The listing that follows should be copied in full and exactly, with no pictures.

Given information:
------------------------

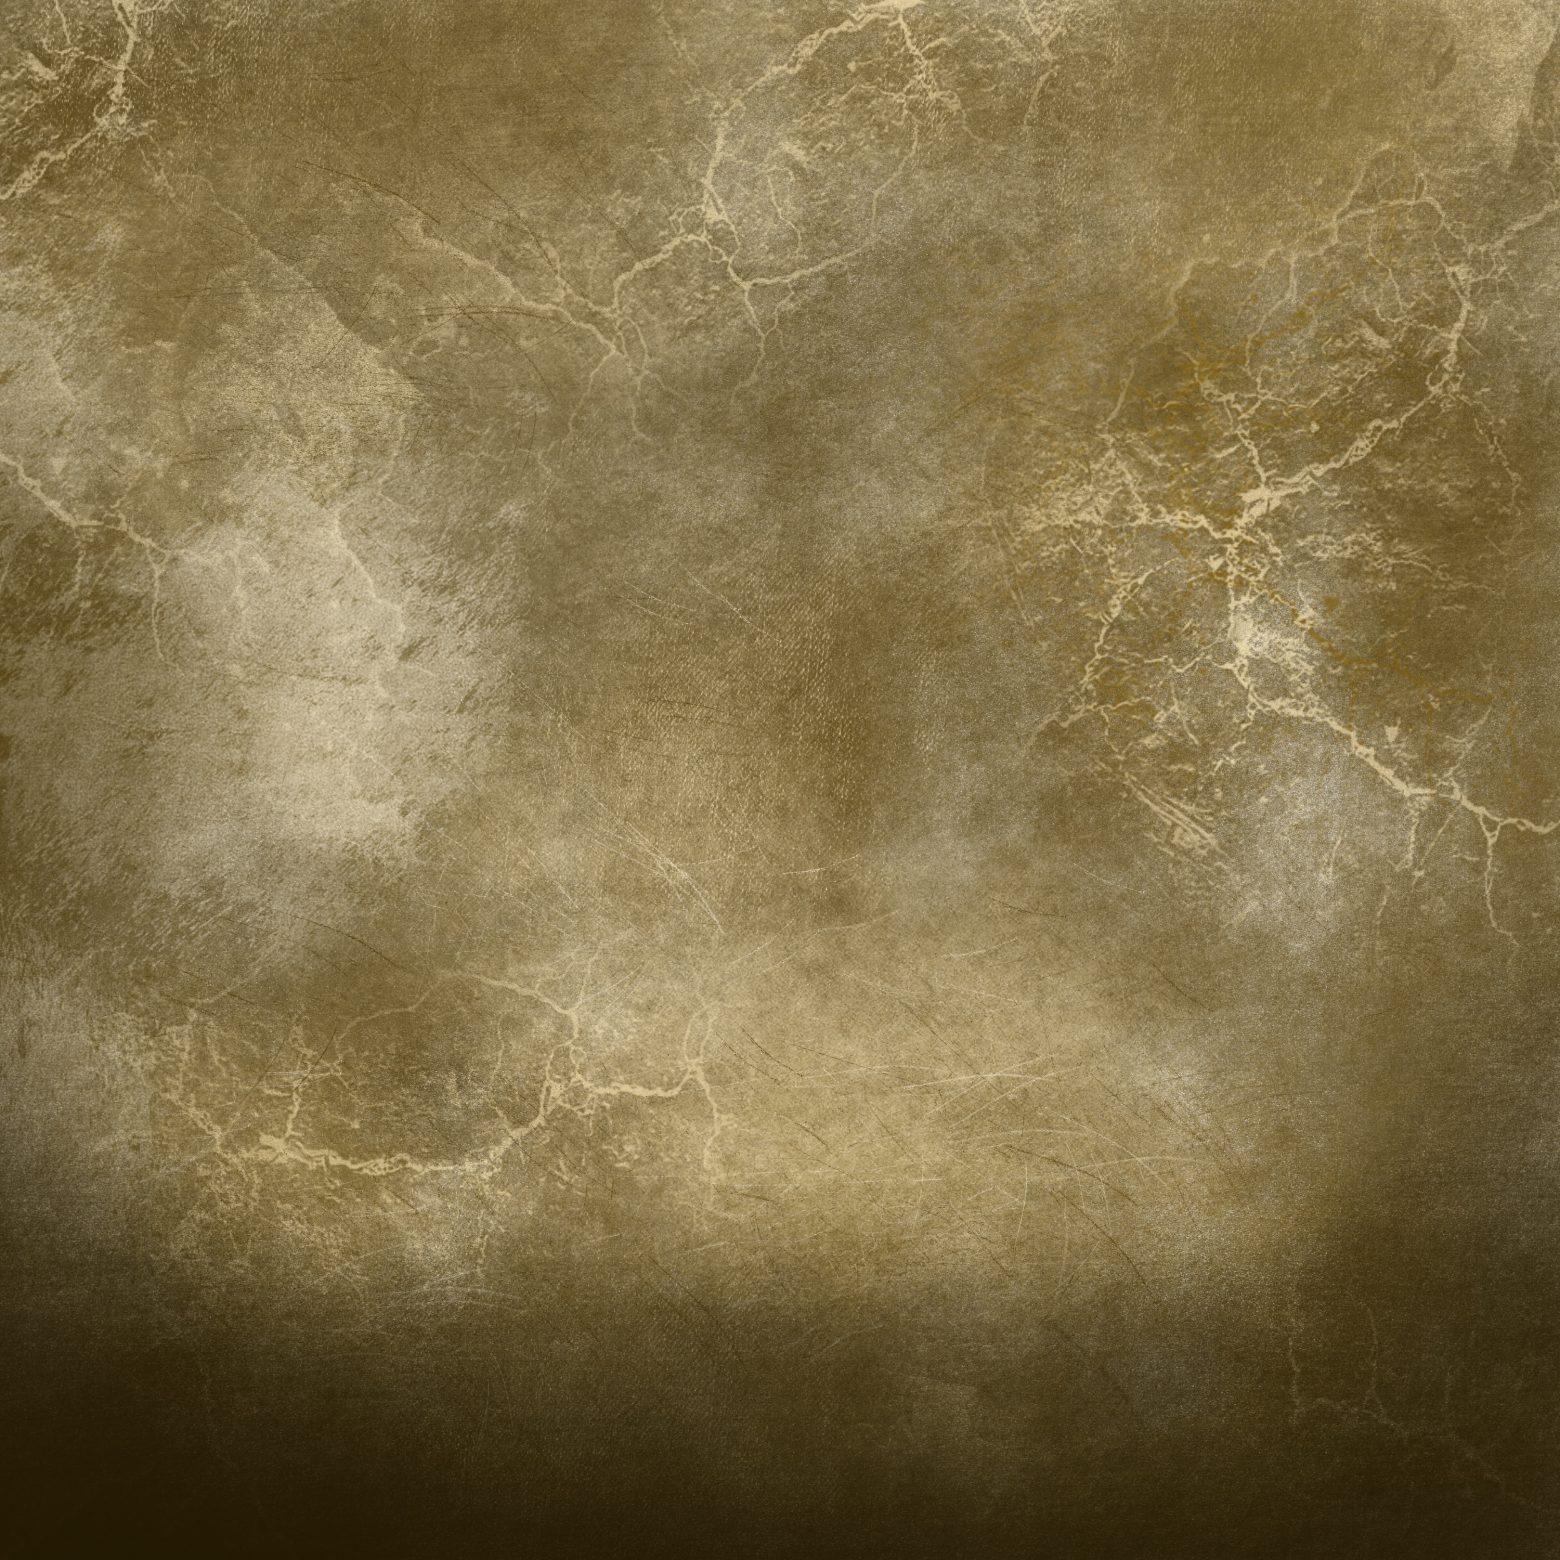 background-1688260
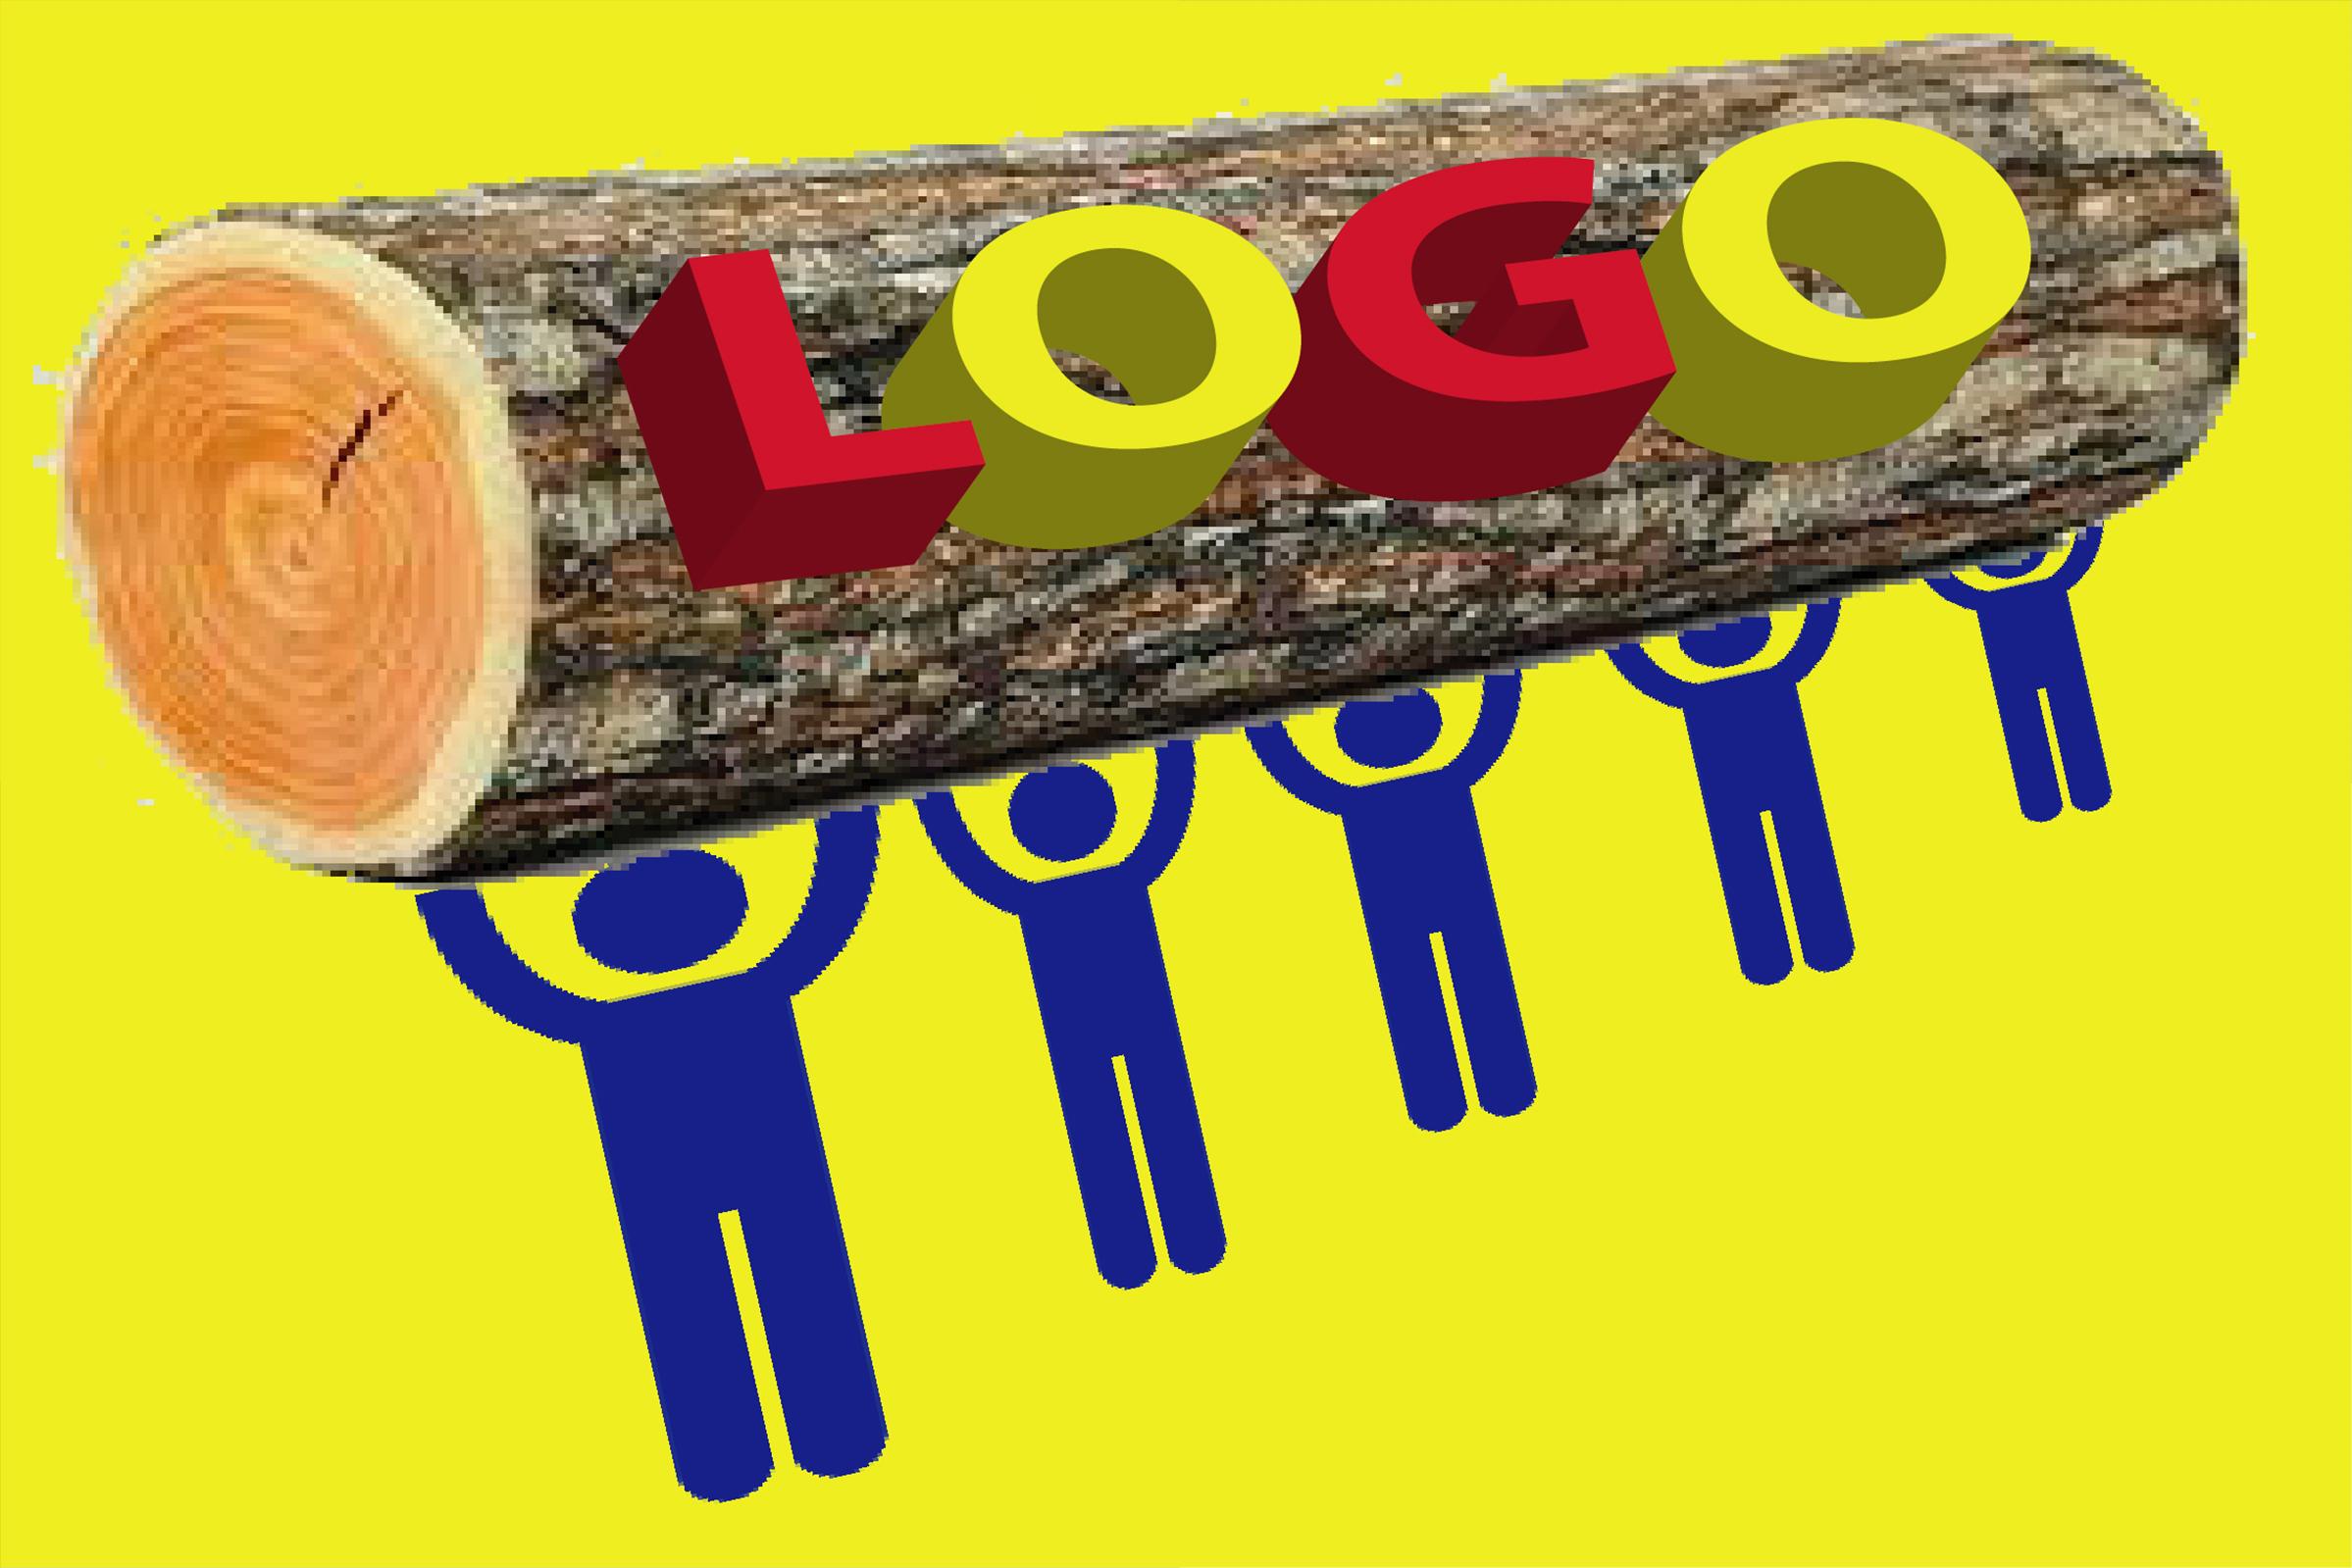 i will Do modern minimalist flat logo design in 24 hours
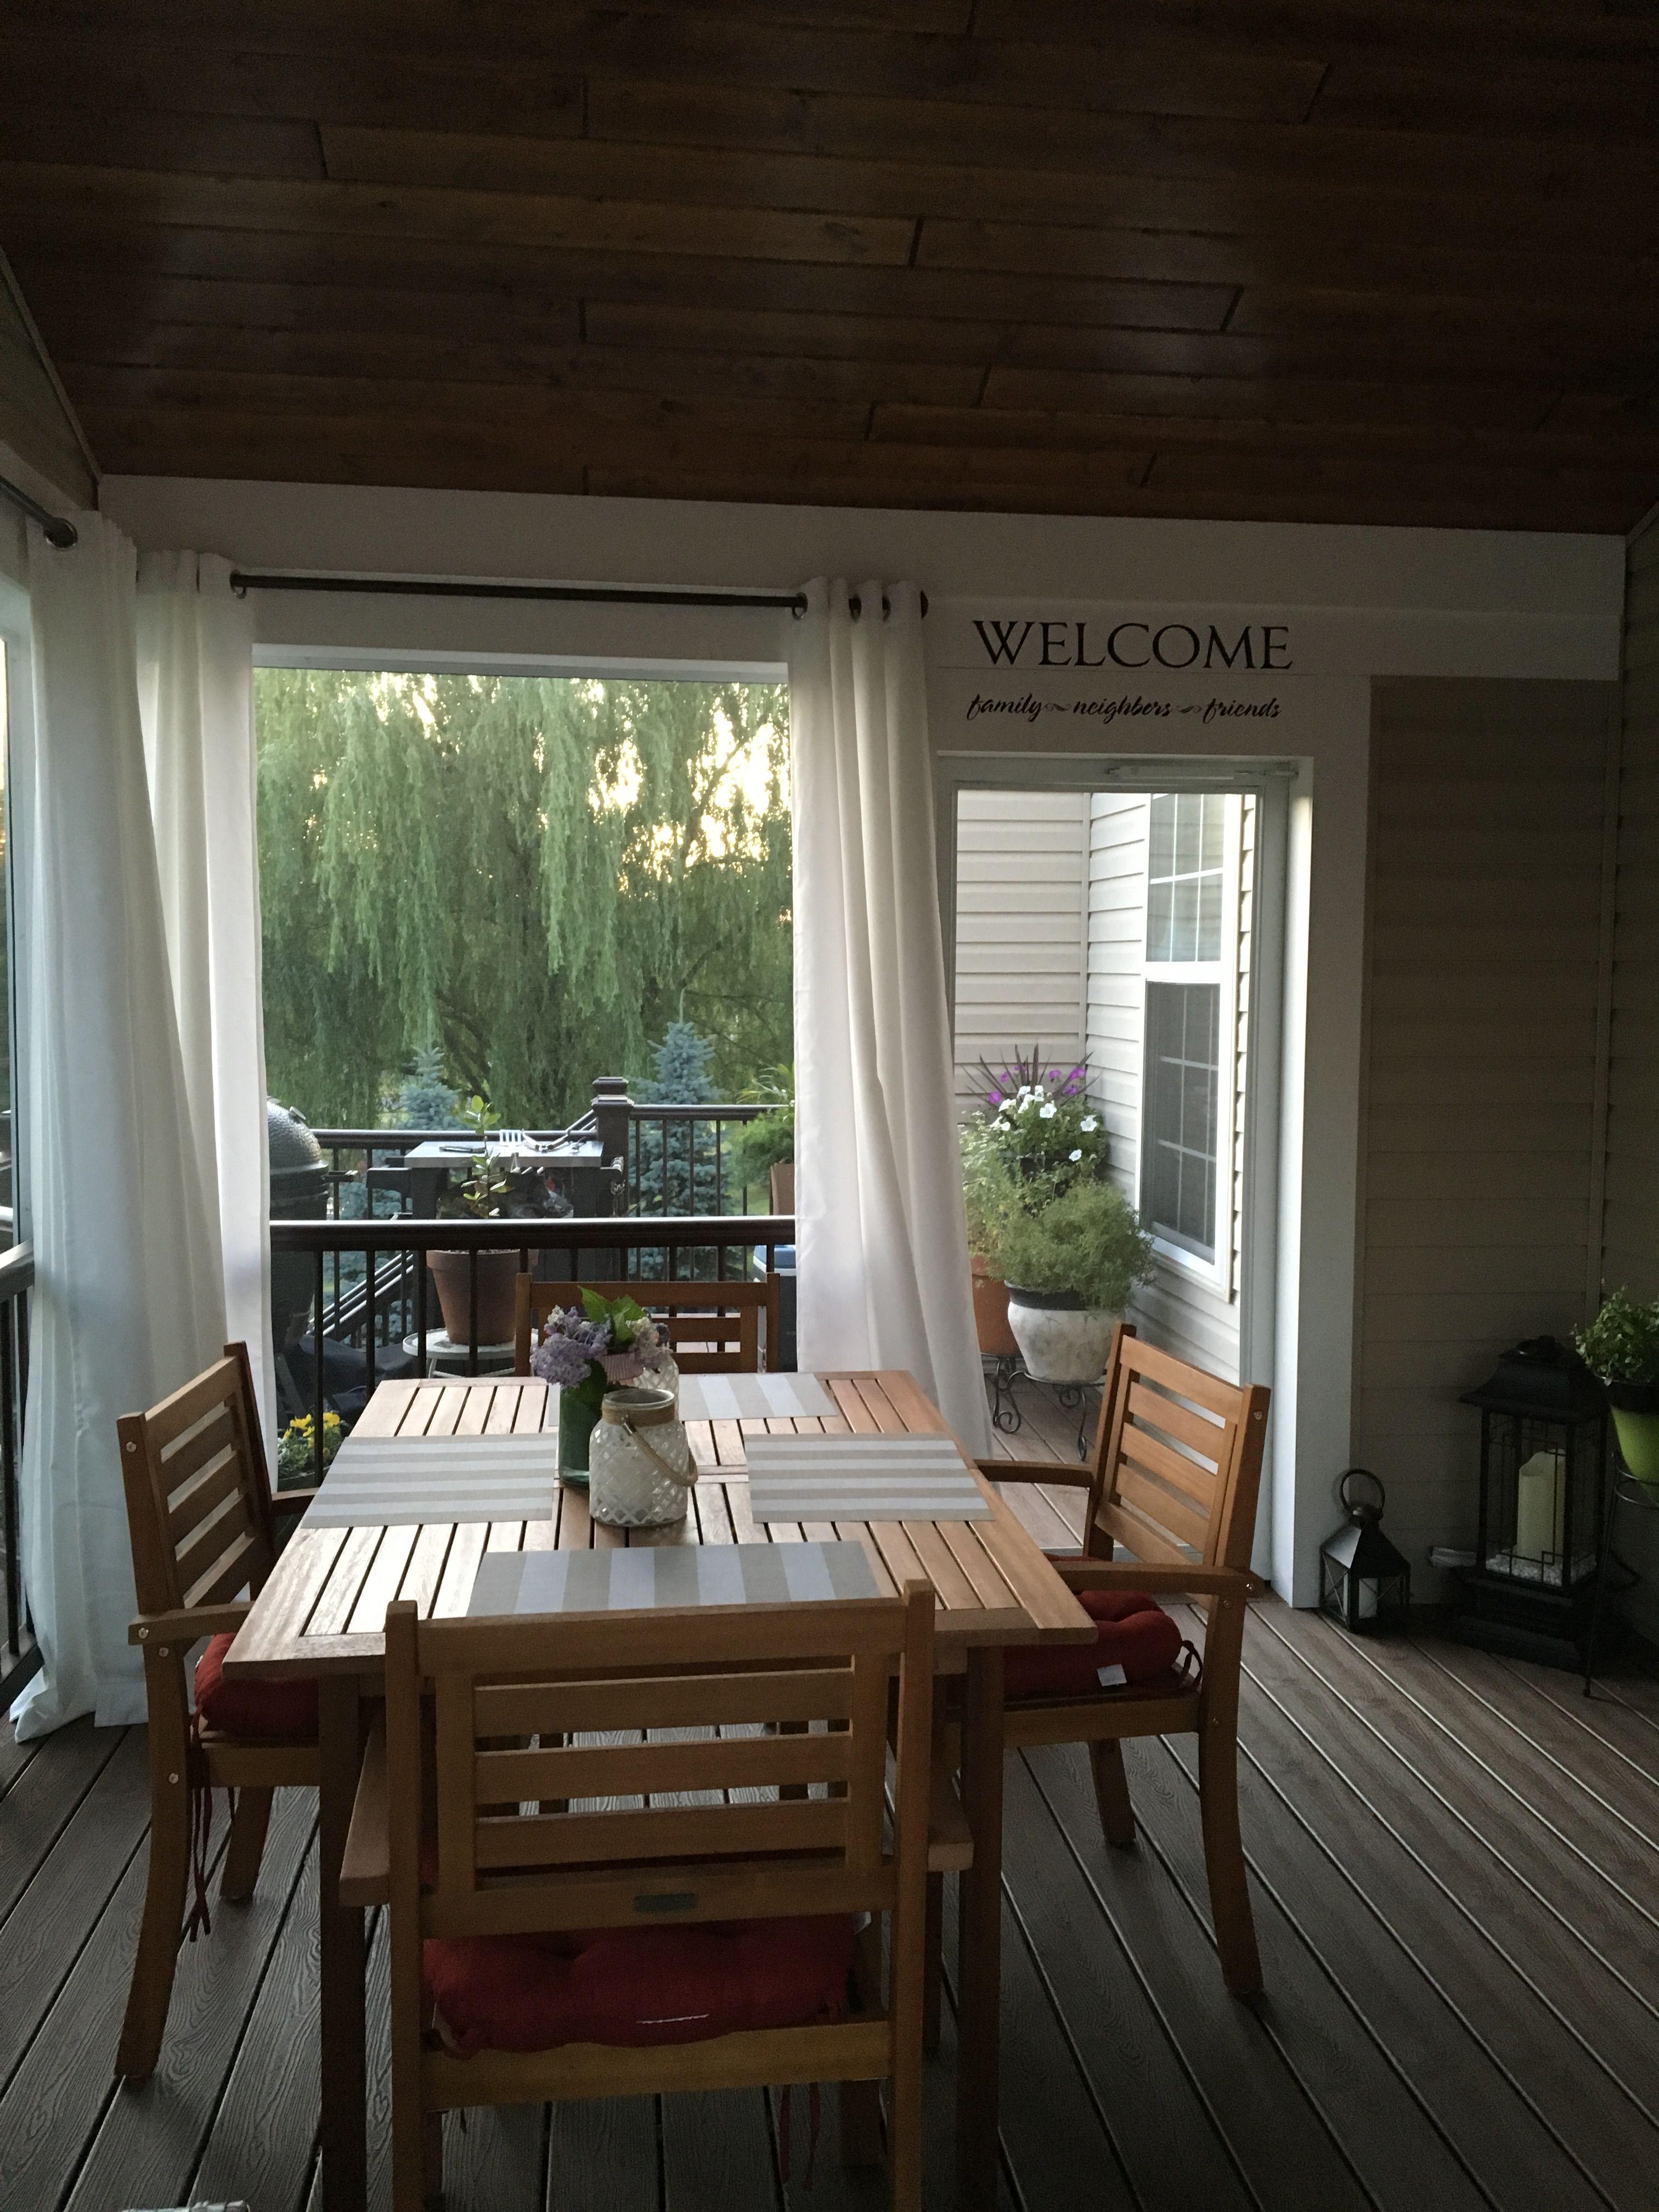 Screened in Deck | Patio deck designs, Add a room ... on Add On Patio Ideas id=40634

------------------------

Exercise solution:
 background-1688260
 i will Do modern minimalist flat logo design in 24 hours
 Screened in Deck | Patio deck designs, Add a room ... on Add On Patio Ideas id=40634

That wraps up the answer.